28
With this note, Oldham claims this Beowulf narrative as her own. Not
only does she refer to it as “my narrative,” but she also justifies her
decision to re-shape the narrative of the poem in order to emphasize
what she considers to be the true central storyline of her Text of Beowulf.
Like Gardner’s Grendel, The Raven Waits tells its story from the
point of view of a character marginalized in the Old English poem. In
this case, the novel’s perspective comes from King Hrothgar’s teenaged
son Hretheric, a figure with whom the probable target audience of the
book (adolescent boys) might be presumed to identify. Though this
choice implies that Hrethric will be the hero of the story, the young
prince is in fact no more than a close observer of actions performed by
others. The real agency in the novel comes from the exiled Anglian scop
who befriends Hrethric and becomes his constant companion. The scop’s
name Angenga means “lone-goer,”'* and he meets Hrethric on the day of
Beowulf s arrival at Heorot, shortly after the story begins. He calls
himself a “scop, bard poet, versifier, word-weaver, spell-spinner, mythmaker, string-strummer—there are plenty of names” (Oldham 24) and
arrives in the land of the Scyldings armed with stories, including tales of
King Arthur, and Beowulf s watery race with Brecca and battle with the
sea monsters. Called simply “the scop” by Raven's other characters,
Angenga quickly grasps the significance of Beowulf s arrival. He also
predicts the coming of Grendel’s mother, averts conflict between
Hrothulf and Beowulf, and convinces Hrothgar to banish his Thule
Unferth, all through the subtle execution of his storytelling technique.

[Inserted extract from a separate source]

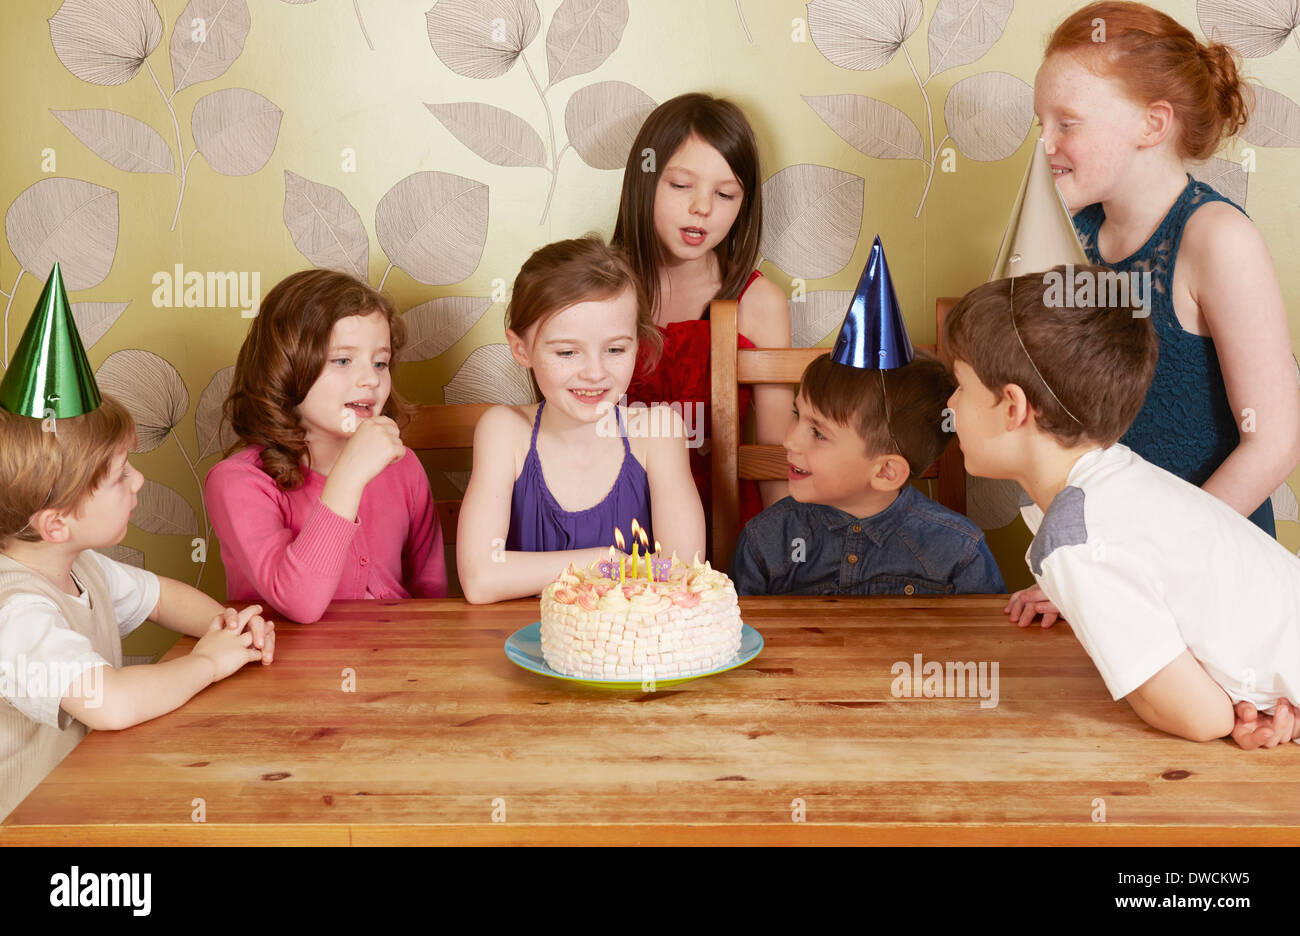 Children at birthday party, girl with cake Stock Photo

This posits the writer/storyteller in a particularly powerful position
within this story.
The scop not only uses his role as storyteller to interpret the
novel’s action for the other characters, he is also a meta-narrator who
mediates between the world of the novel and a modem British Young
Adult audience. Though this might seem to align him with the Beowulf
poet who tells a pagan story from a Christian perspective, we must keep
in mind that the Beowulf poet does not play a direct role in the tale being
told. Moreover, the Beowulf poet “controls his two perspectives simply
by distinguishing between the natural wisdom possible to pagans and the
revealed [Christian] knowledge he shares with” the Anglo-Saxon
audience (Osbom TGF:SHSB 978). Unlike the Beowulf poet, Oldham’s
scop judges that the pagan Scyldings are too primitive to accurately
interpret their tragic situation. They need the scop’s intervention and
advice, which comes from a Christian as well as a British perspective.
Judging other civilizations from one’s own cultural perspective is not
unexpected, but is problematic for an author trying to accurately depict
the values of the Anglo-Saxon society.